DPG would like to thank Backscatter and Isotta for providing the Olympus TG-5 camera, Isotta TG-5 housing, Backscatter M52 wet lens, and various accessories used in this article. Cayman Turtle Divers was instrumental in helping the photographer get the best imaging opportunities.
Grand Cayman’s Stingray City is just one of the wonderful wide-angle environments we took advantage of to test the Olympus TG-5
It would be hard to come up with two more disparate wide-angle underwater shooting situations than photographing the resident rays of Grand Cayman’s famed Stingray City and fending off swarms of blue sharks in coastal Rhode Island. The former is swarmed with cruise ship passengers taking selfies with a GoPro in one hand and a rum punch in the other. In Rhode Island, professional wildlife photographers wield several-thousand-dollar setups as cameras and default shark shields.

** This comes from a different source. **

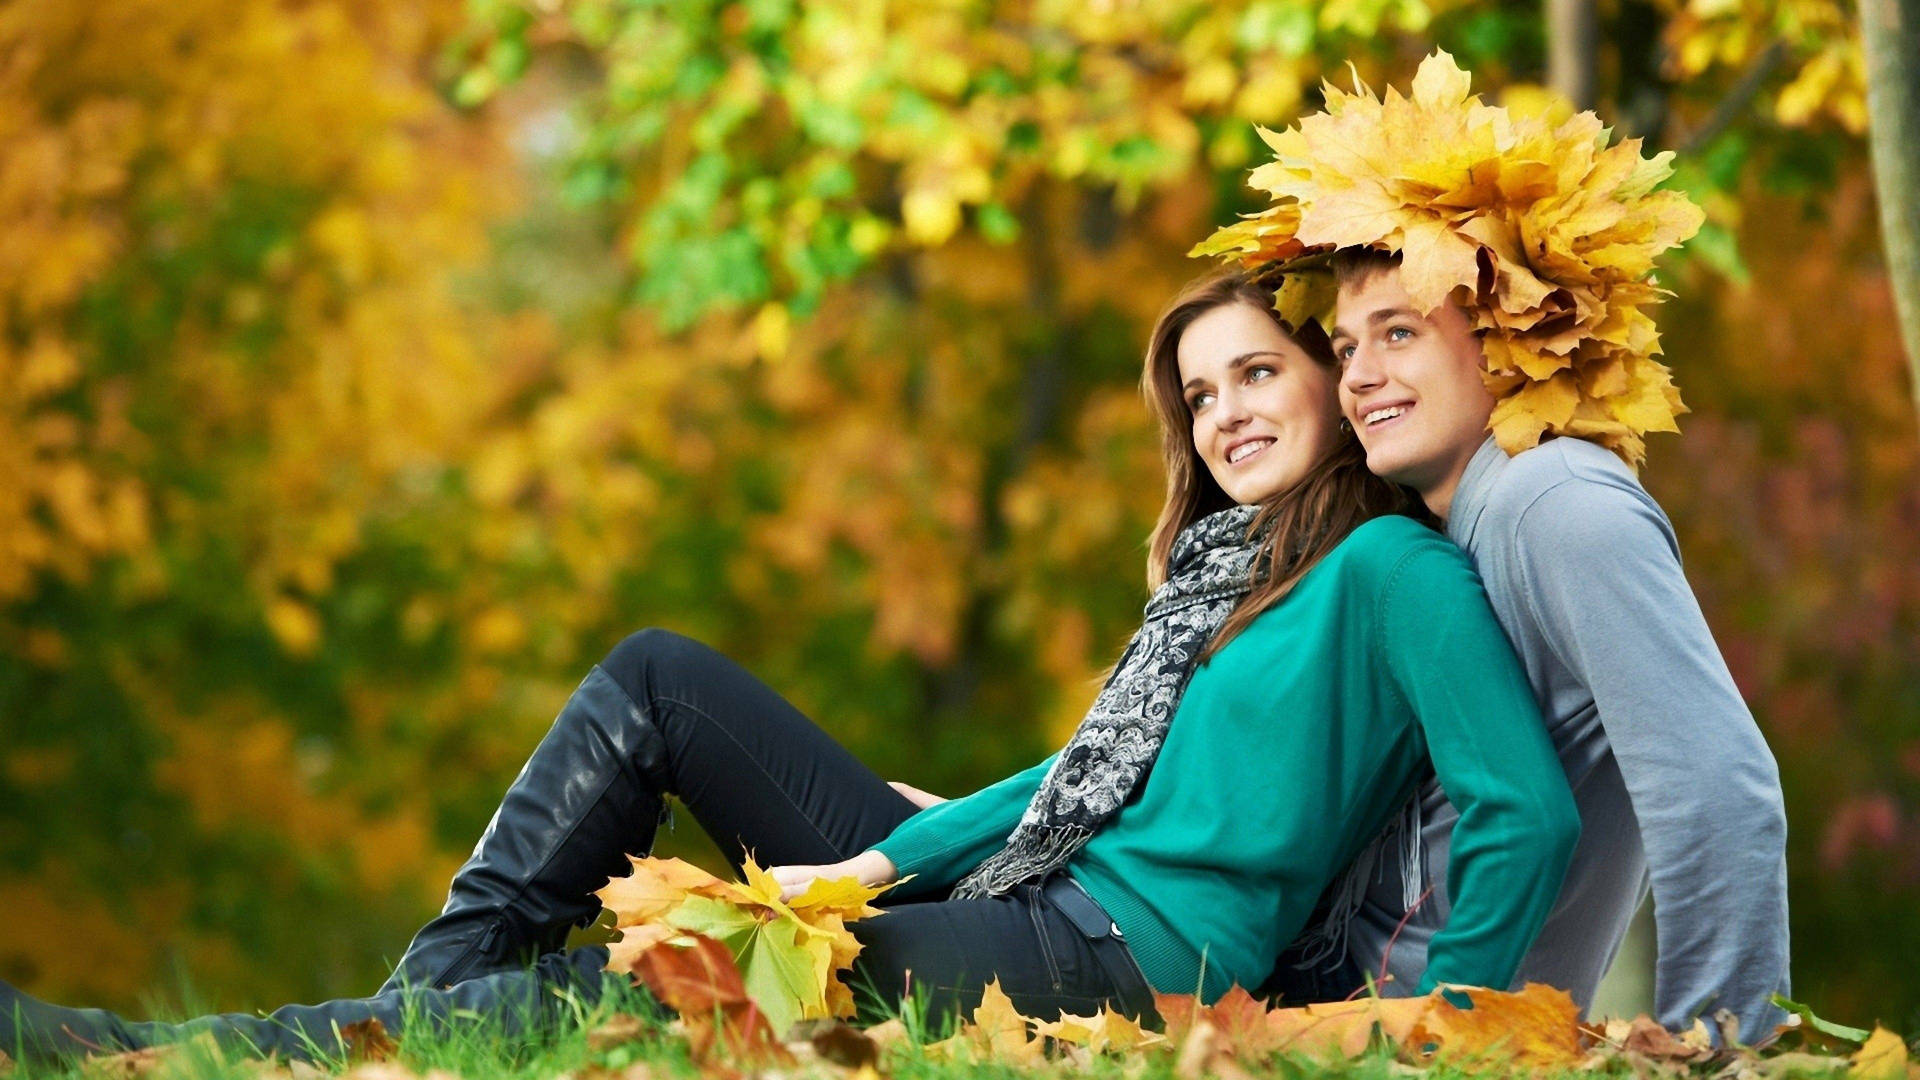 Couple Autumn Pictorial Background

After putting the Olympus TG-5's tough moniker to the test photographing sharks in Rhode Island, I decided to hop on a flight and fully vet the camera's wide-angle capabilities in the laid-back diving off Grand Cayman. Often associated with macro underwater photography because of its well-known Microscope Mode, this already “rugged” camera was transformed into a little red wide-angle powerhouse by kitting it out with the Isotta TG-5 housing and Backscatter’s M52 Wide-Angle Wet Lens. When the going gets tough, the tough get going (diving, that is).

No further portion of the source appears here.